# Any one have a contract covering exchanging horses?



## 2BigReds

Equine Legal Solutions has that sort of contract I believe, or at least something similar. Their simpler papers start at $10 I think.

If you're just trading horses period, no trial or buyback agreements, a bill of sale can be written up for each horse for the same or no purchase price.


----------



## Golden Horse

Anyone else?


----------



## animalartcreations

I'm not a lawyer so I can't give you legal advice, but this is what I would do if it was me in this situation:

Write down the full terms in a bill of sale type agreement. Be sure to put in there that any changes to the contract must be done in writing and signed off by both parties in front of an agreed upon witness. If you want a trade back clause, then that needs to be on the contract. The health and training level of each horse at the time of the trade needs to be fully disclosed.

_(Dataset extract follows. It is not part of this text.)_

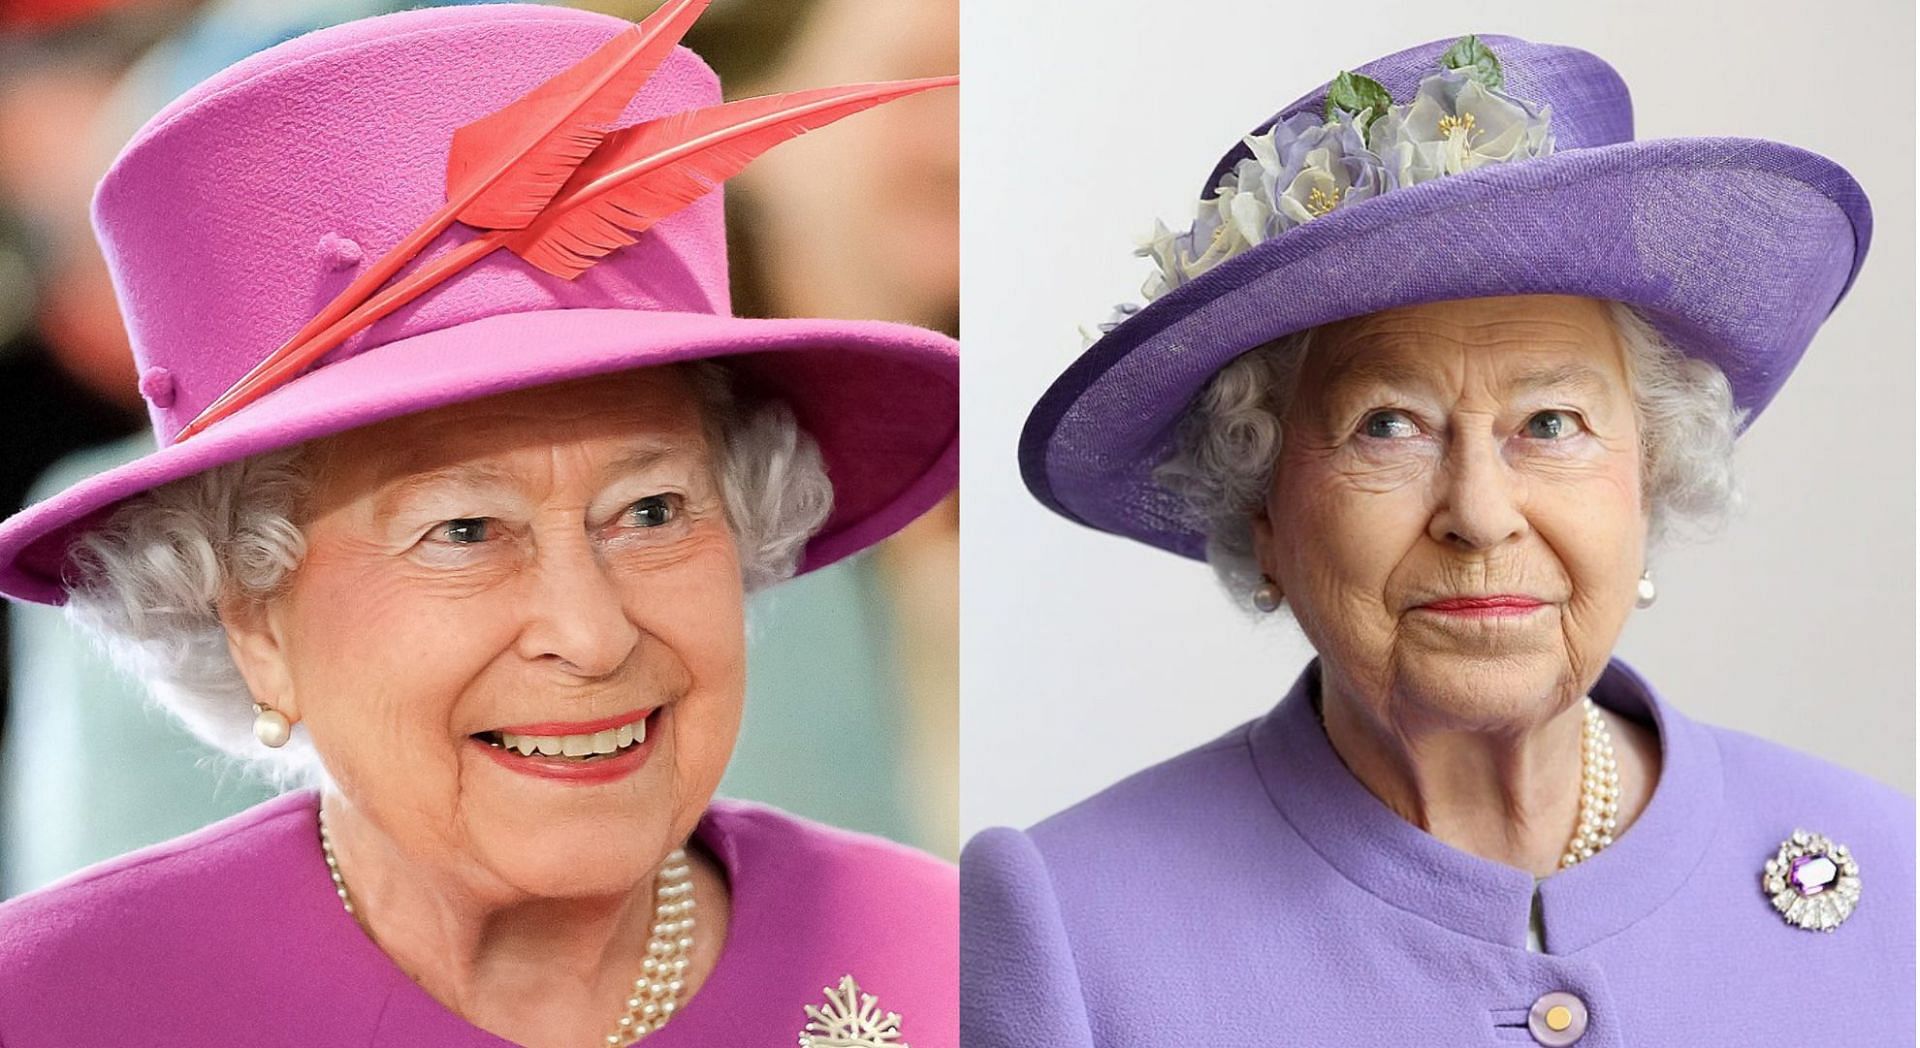 Queen Elizabeth II passed away at the age of 96 on September 8, 2022 (Image via Getty Images)

Have a picture of both horses in question on the contract and document any distinguishing marks. Both parties get a copy signed by the other person. 

For extra security, one can get two witnesses to sign or get both copies notarized.


----------



## ponyboy

2BigReds said:


> If you're just trading horses period, no trial or buyback agreements, a bill of sale can be written up for each horse for the same or no purchase price.


I'm not a lawyer either but my friend is a law clerk and a bill of sale without a price is not valid. You need to state that you are trading one horse for the other.


----------



## Guilherme

Golden Horse said:


> There is a small possibility that I may be going to trade out one of my horses, this would be a straight swap I believe, theirs for mine.
> 
> I was wondering if anyone has done this and if you had a contract agreement?


I'd write it up as a bill of sale and note that it's Horse A for Horse B. A dollar amount is not usually required if there was a clear barter/swap arrangement.

For any contract to be valid you need offer, acceptance, and consideration. "Consideration" means a promise for a promise; it may or may not be a promise to pay money. A time for performance is most highly recommended, but if one is not set then when a dispute arises a court will presume a "reasonable time."

As long as this is a clean swap you don't need a Philadelphia Lawyer to draft a contract. If buy backs, swap backs, guarantees, etc. are involved then you will need a lawyer to ensure that things are done correctly.

Put another way, following the KISS Principle is a Very Good Thing!!! 

G.


----------



## mls

ponyboy said:


> I'm not a lawyer either but my friend is a law clerk and a bill of sale without a price is not valid. You need to state that you are trading one horse for the other.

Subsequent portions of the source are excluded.